The footage was in black and white with poor sound quality, which was another problem. Most of Earth’s surveillance’s systems had long upgraded to colour, but this was the Lunar Dome. Earth’s old technology dumping ground. There were three cameras: the first one being in the entrance of the cargo bay, above the front desk. Lady Harmony came in, flushed and in a rush, and scrawled her signature on the sign-in sheet.
“The shipment. Has it arrived?” Lady Harmony asked.
“It’s scheduled to dock soon, my lady,” the receptionist replied. “Have a seat in the waiting room.”
Their voices were scratchy and had a robotic undertone from the poor sound quality.
“But I need it tonight!” she insisted. “My current bottle is empty, and my skin…”
“…is just as radiant as ever, as always, my lady. Please, have a seat.”

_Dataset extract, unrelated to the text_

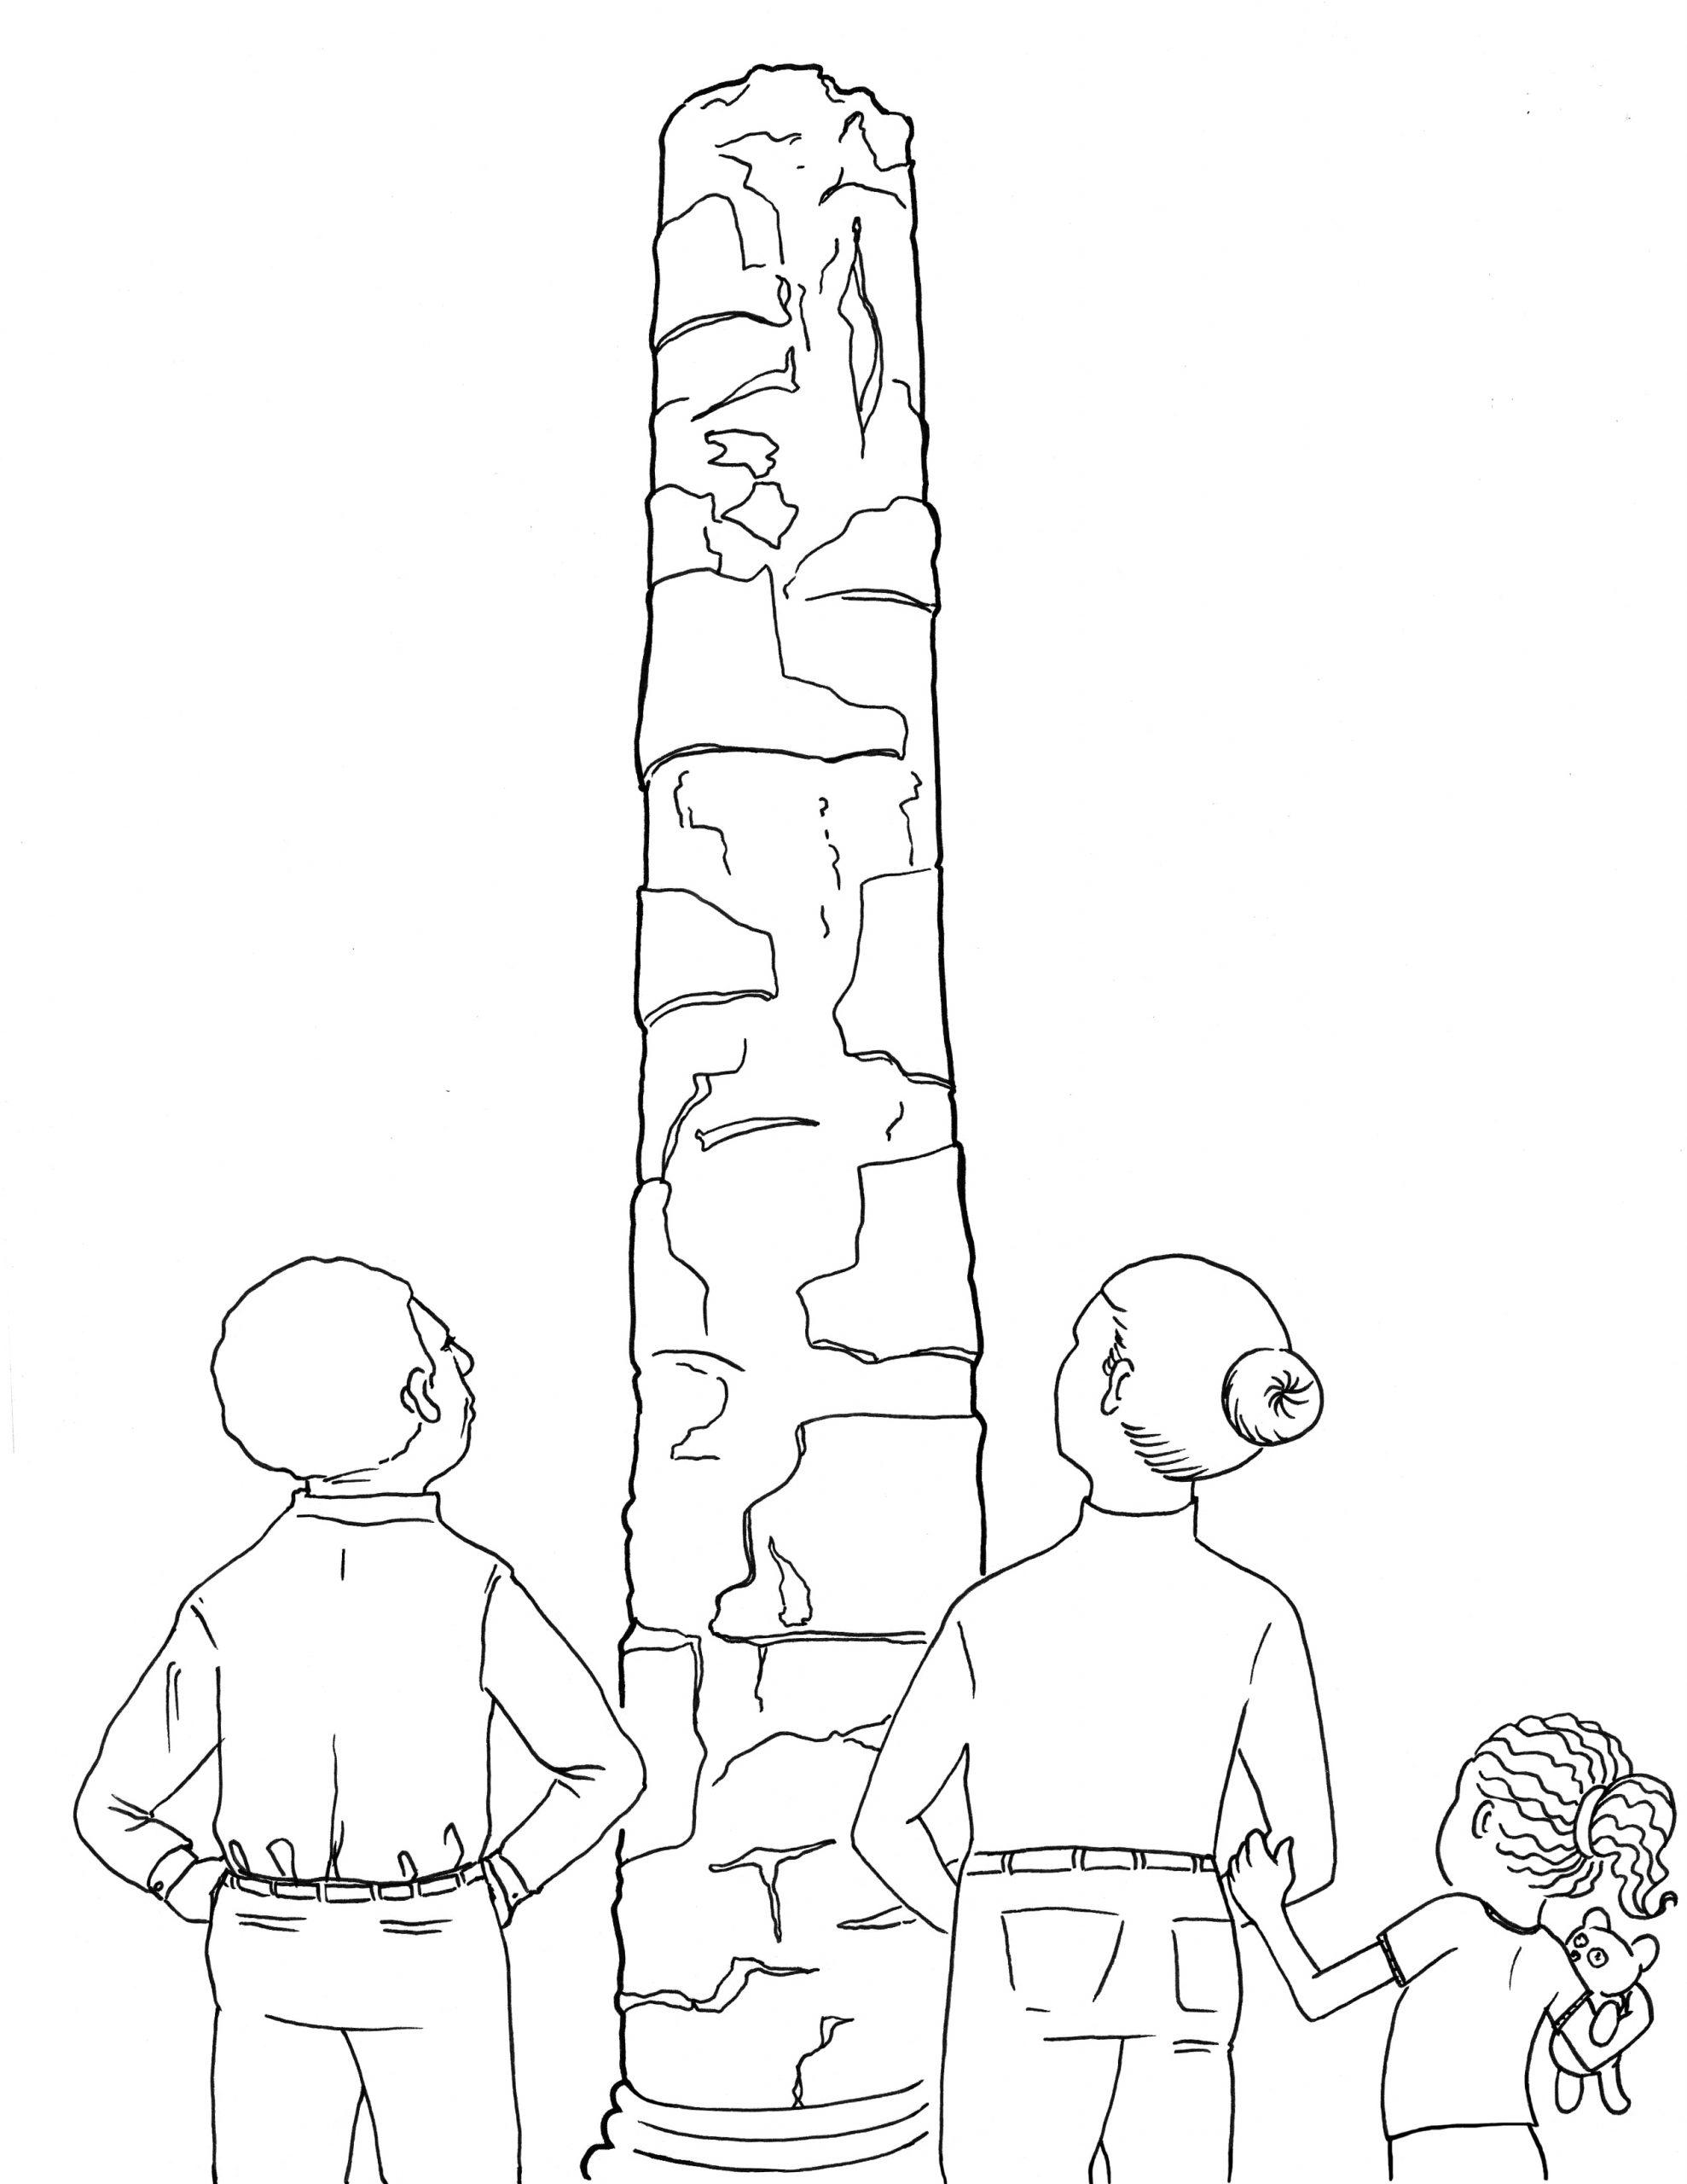 Coloring page inspired by Sun Yuan Peng Yu, Civilization Pillar

The receptionist directed Lady Harmony to a waiting area, where there was a second camera. She sat there for more than fifteen minutes. Mac switched to the third camera. The docking bay had one large tightly sealed door, which rose slowly to let in the vaccum of space–and the cargo ship that carried whatever precious product Lady Harmony so desperately needed. Shipments from Earth were an important part of the Lunar economy, and any Lunar citizen could easily order whatever commodity they needed from Earth and have it shipped to the moon–for a price.
Mac fast-forwarded most of the docking procedure. When the ship had safely landed, the docking bay door began its long descent. Workers in space-suits and chords wrapped around their waist to anchor them to the bay floated against the walls until the room pressurized and gravity was restored. The gentle release of steam from the rear cargo ship door rose into the air.
No, that couldn’t be right. Rewind.
He watched the cargo bay door close again. The steam began to rise before the space door was shut–just as the ship was landing. Fuel from the aft? No, that wasn’t right. It would have been sucked into space.
There it was again.
A hazy black mist slipped through the crack in the bay door just as it shut, and jumped into a nearby air vent as the room pressurized.
The workers were all wearing suits, but the eager customers who entered the bay after the ship landed were not. A tendril of black smoke hung in the air, as if waiting for a vulnerable person to walk by…
And who was the first civilian back in the bay, but Lady Harmony.